Веди свой плуг по костям мертвецов - Токарчук Ольга
– Пани Душенька…
– Душейко, – поправила я.
– Вы такая добрая женщина. Обо всем переживаете. Но вы же не думаете, что ради Плоскотелки мы прекратим вырубку деревьев? У вас чего-нибудь холодненького попить не найдется?
Я вдруг ощутила полный упадок сил. Волчье Око не воспринимал меня всерьез. Будь я Боросом или Черным Пальто, он бы, возможно, выслушал, пытался что-то доказывать, спорил. Но я была для него старухой, вконец спятившей в этой глуши. Бесполезной и ничтожной. Хотя нельзя сказать, что он плохо ко мне относился. Даже с симпатией, я чувствовала.
Я побрела домой, он следом. Уселся на террасе и выпил пол-литра компота. Глядя, как он пьет, я подумала, что могла бы добавить в этот компот сока ландыша или снотворного порошка, который выписал мне Али. А когда лесник заснет – запереть его в котельной и подержать там некоторое время на хлебе и воде. Или, наоборот, откармливать и ежедневно проверять по толщине пальца – годится ли уже на жаркое. Пускай поучится смирению.
– Нет больше дикой природы, – говорил он, и я вдруг поняла, кто он такой на самом деле, этот лесник – чиновник. – Слишком поздно. Природные механизмы нарушены и приходится всё контролировать, чтобы не произошла катастрофа.
– Нам грозит катастрофа из-за Плоскотелки?
– Разумеется, нет. Нам нужна древесина для лестниц, полов, мебели, бумаги. Как вы себе это представляете? Что мы станем ходить по лесу на цыпочках, потому что там размножается Плоскотелка Красная? Надо отстреливать лис, потому что иначе их популяция возрастет настолько, что это будет угрожать другим видам. Несколько лет назад зайцев развелось слишком много, они уничтожали посевы…
– Можно было бы разбрасывать контрацептивные средства, чтобы Животные перестали размножаться, а не убивать их.
– Ну-у, знаете, сколько это будет стоить, да и неэффективно. Один съест слишком мало, другой – слишком много. Нужно как-то все упорядочить, раз уж природа больше этим не занимается.

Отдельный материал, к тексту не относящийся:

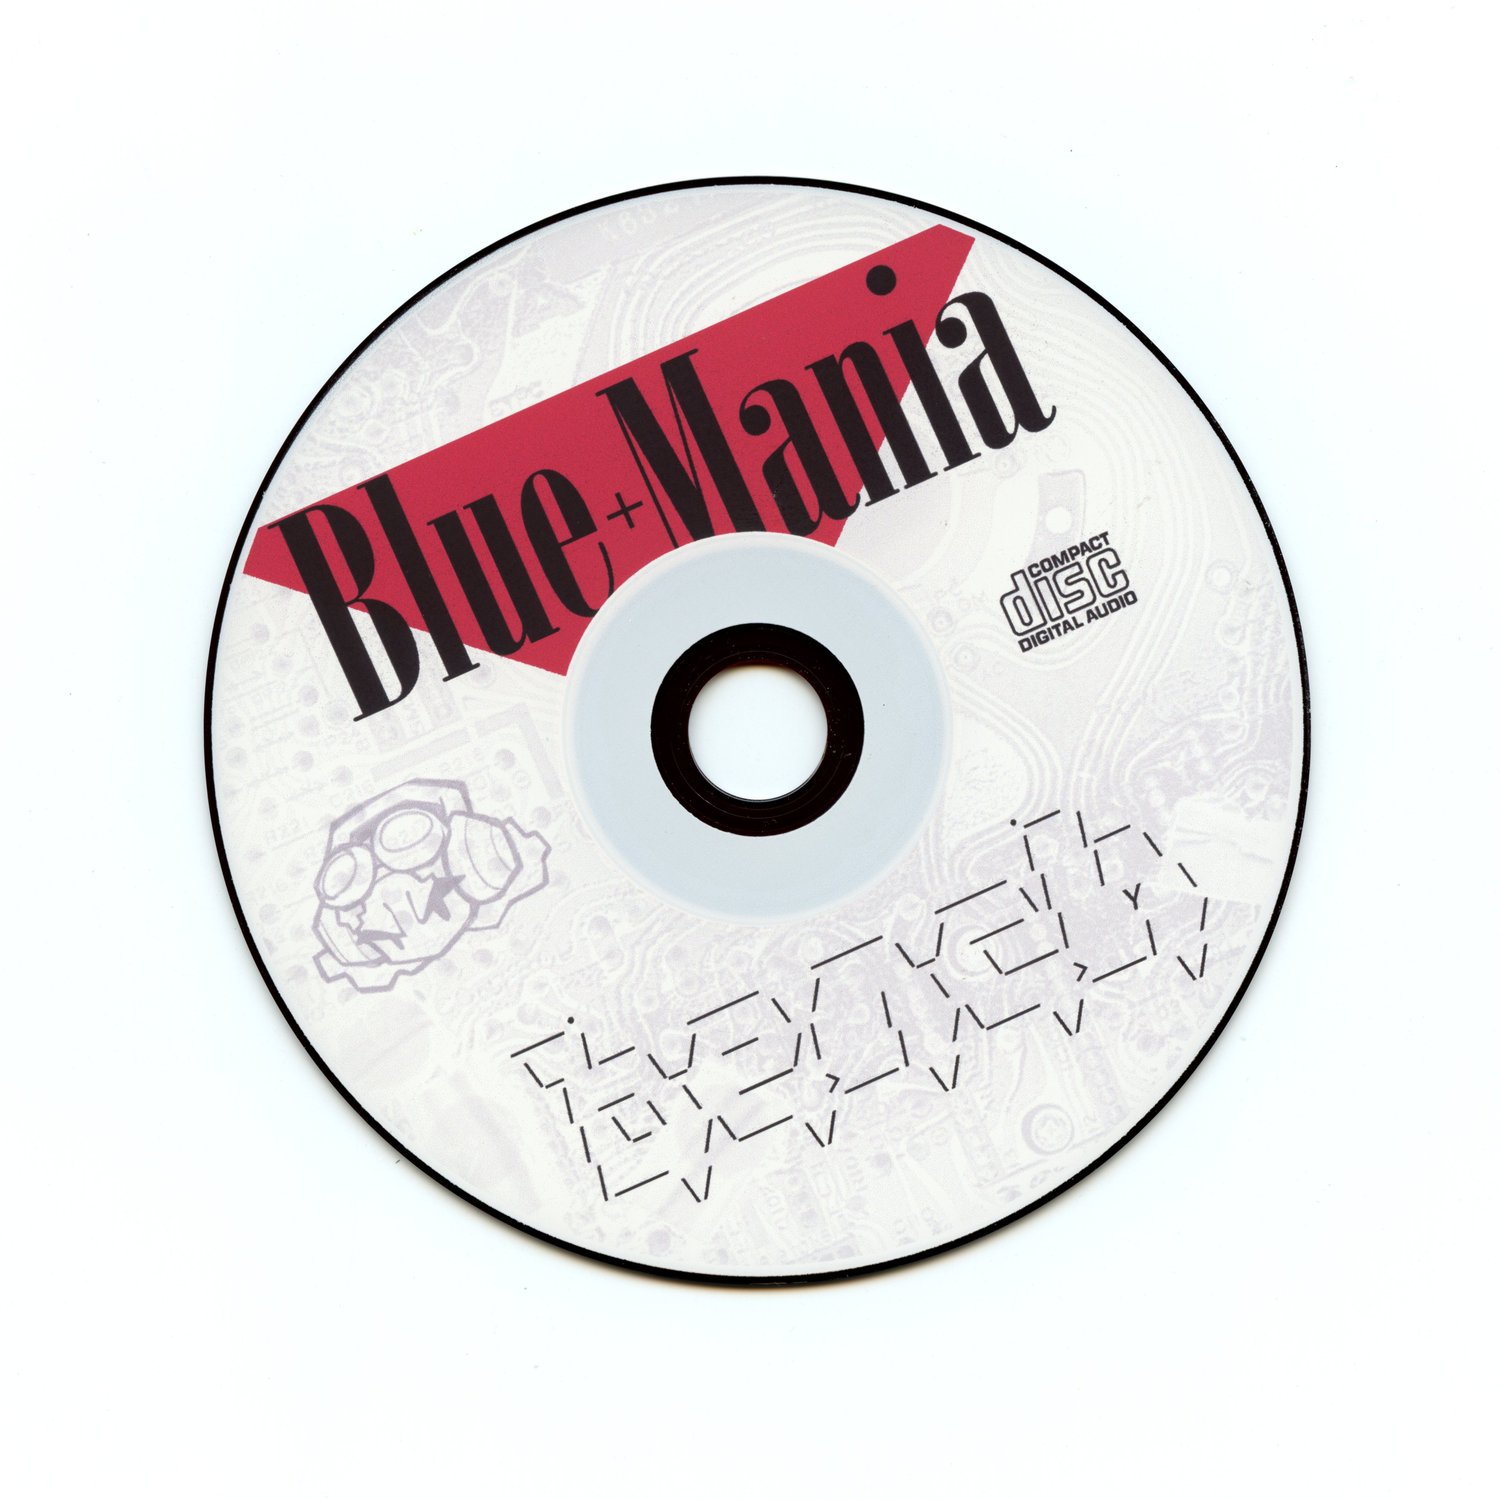 Blue + Mania CD

– Лисы… – начала было я, вспомнив почтенного Консула, прогуливавшегося в Чехию и обратно.
– Вот-вот, – перебил он меня. – Вы можете себе представить, какую угрозу представляют, например, лисы, выпущенные с фермы на волю? К счастью, часть из них уже переловили и отвезли на другую ферму.
– О нет, – застонала я. Мне трудно было смириться с этой мыслью, но я утешила себя, что они по крайней мере немного побыли свободными.
– Эти лисы уже не могли жить на воле, пани Душейко. Они бы погибли. Охотиться не умели, у них изменилось пищеварение, ослабли мышцы. Что им с их великолепного меха на свободе?
Волчье Око посмотрел на меня, и я заметила, что его радужка имеет очень неоднородную пигментацию. Зрачки же были самые обычные – круглые, как у всех.
– Не расстраивайтесь так. Не переживайте за судьбу всего мира. Все будет хорошо. – Он вскочил со стула. – Ну, за работу. Мы будем собирать эти ели. Не желаете купить немного дров на зиму? Дешевле обойдется.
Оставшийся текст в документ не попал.